For all intents and purposes what is being proposed by the Greek Cypriot side is not a BBF. It is a unitary state

Tomorrow, Turkish Cypriot, Greek Cypriot, Turkish, Greek and British representatives will meet with the United Nations secretary-general in Geneva to discuss the Cyprus problem, for the umpteenth time, going back to 1968 when the inter-communal negotiations first began. It is difficult to get excited about any positive outcomes from this given the UN’s own assessment that there is no common ground between the Greek and Turkish sides. The “macho” pre-meeting rhetoric is also not encouraging.

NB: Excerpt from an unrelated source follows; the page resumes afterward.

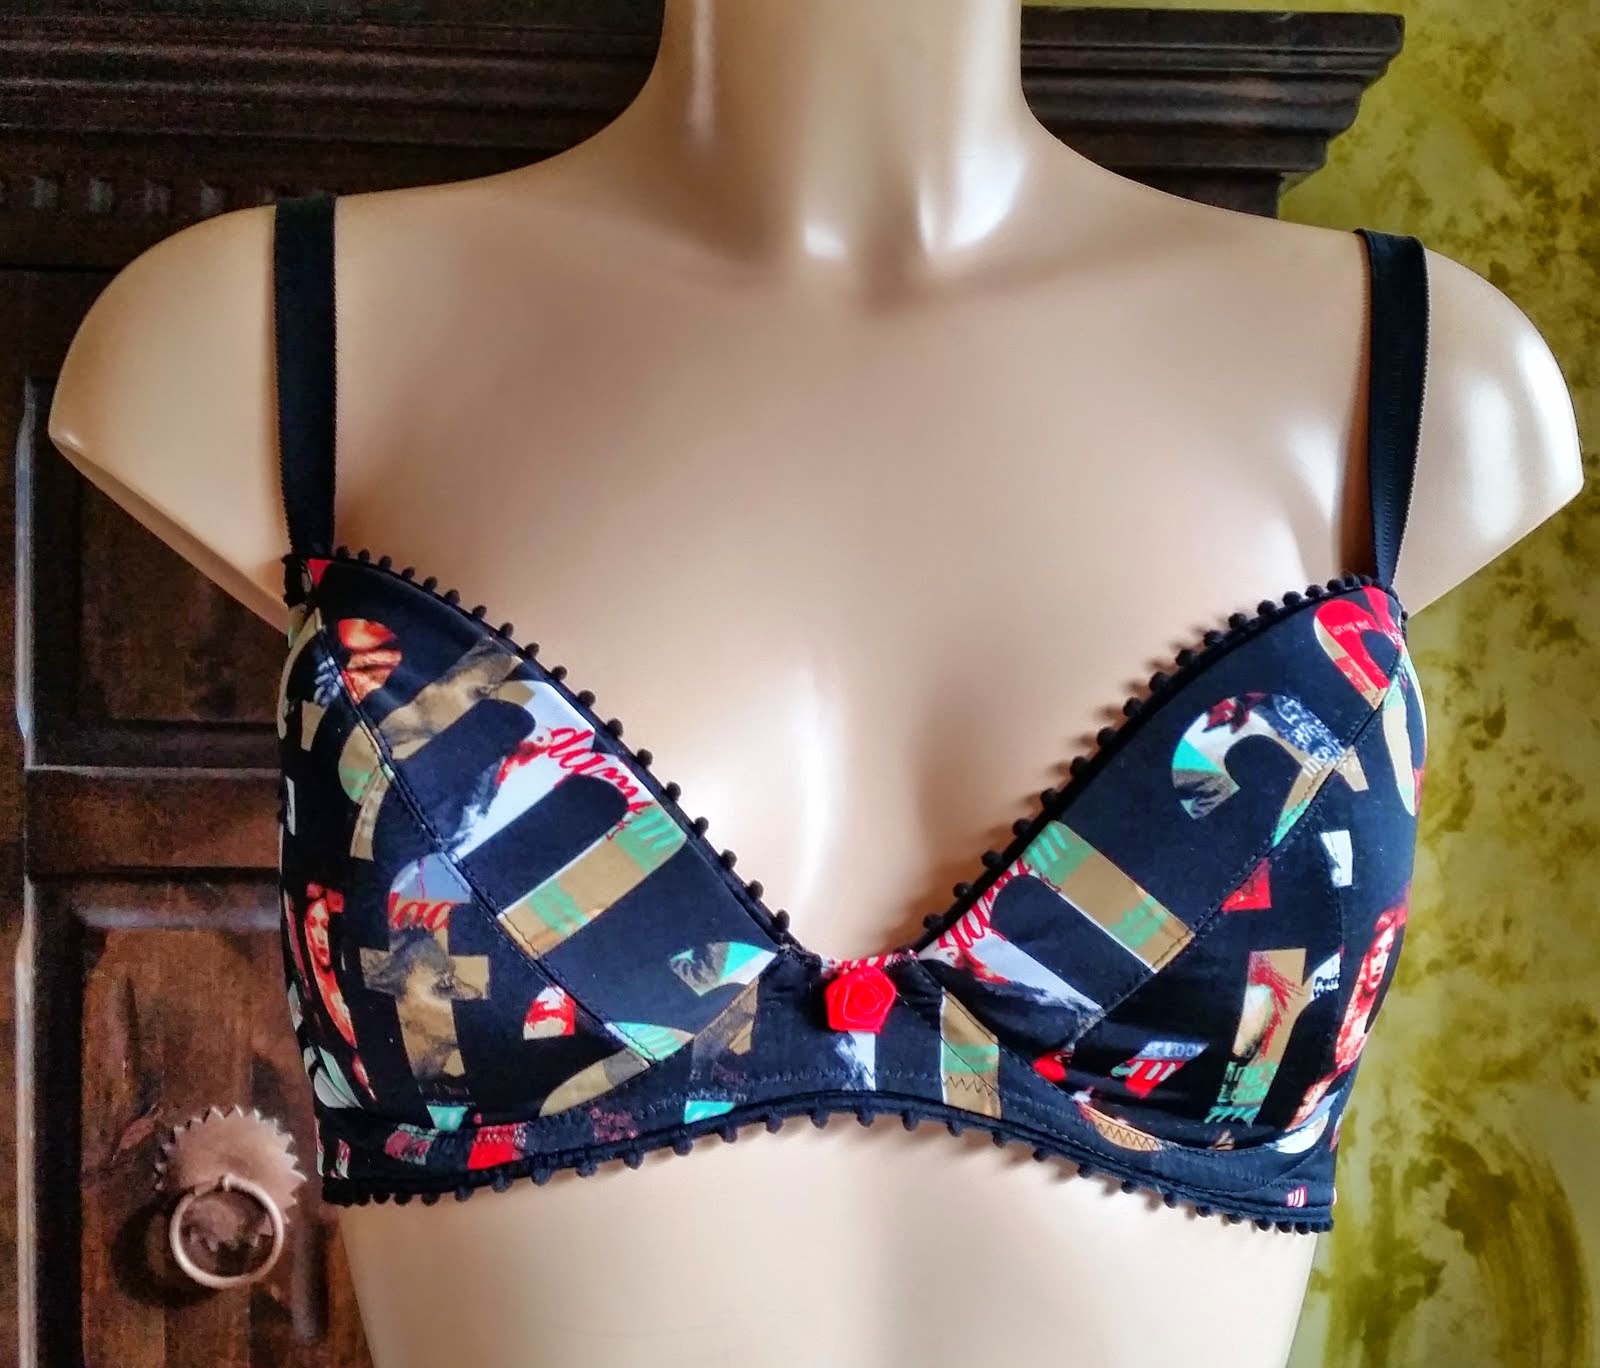 how to sew a pushup bra

There will be two conflicting approaches put on the table. What the Turkish side wants is a Turkish Cypriot state and international recognition. Leaving the merits and challenges of this proposition aside, it is, from a technical point of view, an easy model to understand.

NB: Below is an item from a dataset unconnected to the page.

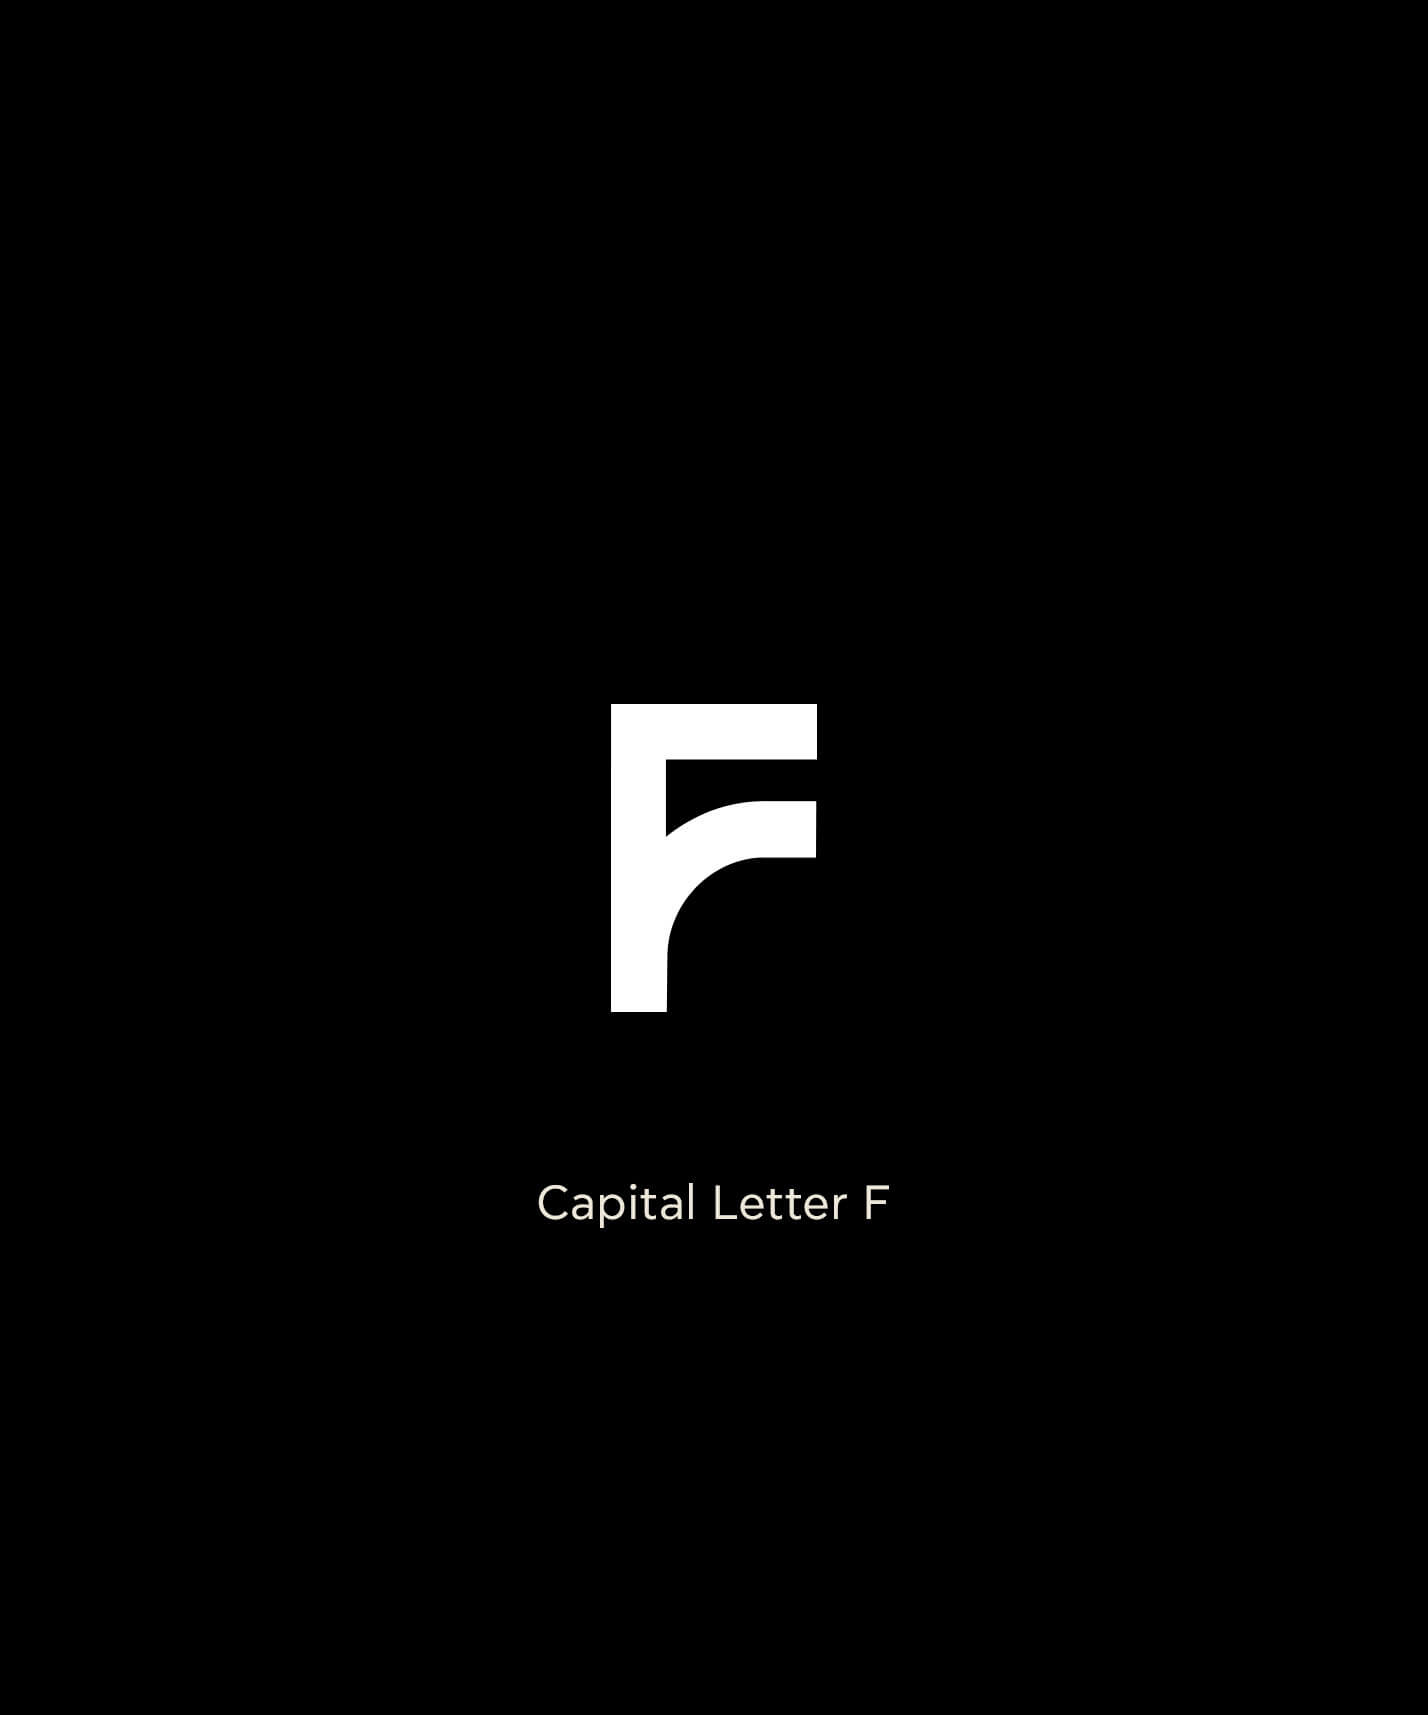 Initial Letter F Logo Inspiration Moodboard Capital Letter

But what about the bizonal, bicommunal federation (BBF) model? What does this really mean? It might have meant something meaningful in 1977 when Makarios and Denktash agreed to this approach, but would its practical implementation today really be any different to a unitary solution?

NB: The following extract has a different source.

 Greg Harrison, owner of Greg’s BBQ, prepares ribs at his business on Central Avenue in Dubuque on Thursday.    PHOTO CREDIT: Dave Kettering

In 1977, the current European Union (EU) did not exist. At that time, its predecessor organisation, the European Economic Community was purely an economic alliance and included only nine states. Now, the European Union has become a much more integrated alliance of 27 states which encompasses not only trade, but also finance, currency, agriculture, economy and the environment.

More to the point, current EU laws grant anyone from any EU country a form of “EU citizenship”, giving any citizen the right to move and reside freely within member states, own property, live, work, study and invest. These “freedoms” reflect the core values and principles of the European Union.

A bizonal and bicommunal federation, on the other hand, is based on two distinct constituent states forming a central federal government. Each operates on pre-defined territory assigned to that state (bizonal), and each community resides in its own territory (bicommunal). The federal government makes policy on country-wide issues. The security, ethnicity and linguistic and cultural make up of each area are protected through agreed rules.

We can immediately see that there is an inherent conflict between the BBF model and EU laws.

In relation to property, if BBF is limiting property restitution (i.e. preventing Greek Cypriots from reclaiming homes in the north or Turkish Cypriots in the south), it could be deemed to contravene EU legal standards.

The European Court of Justice (ECJ) could strike down laws that restrict employment opportunities based on ethnicity or residence.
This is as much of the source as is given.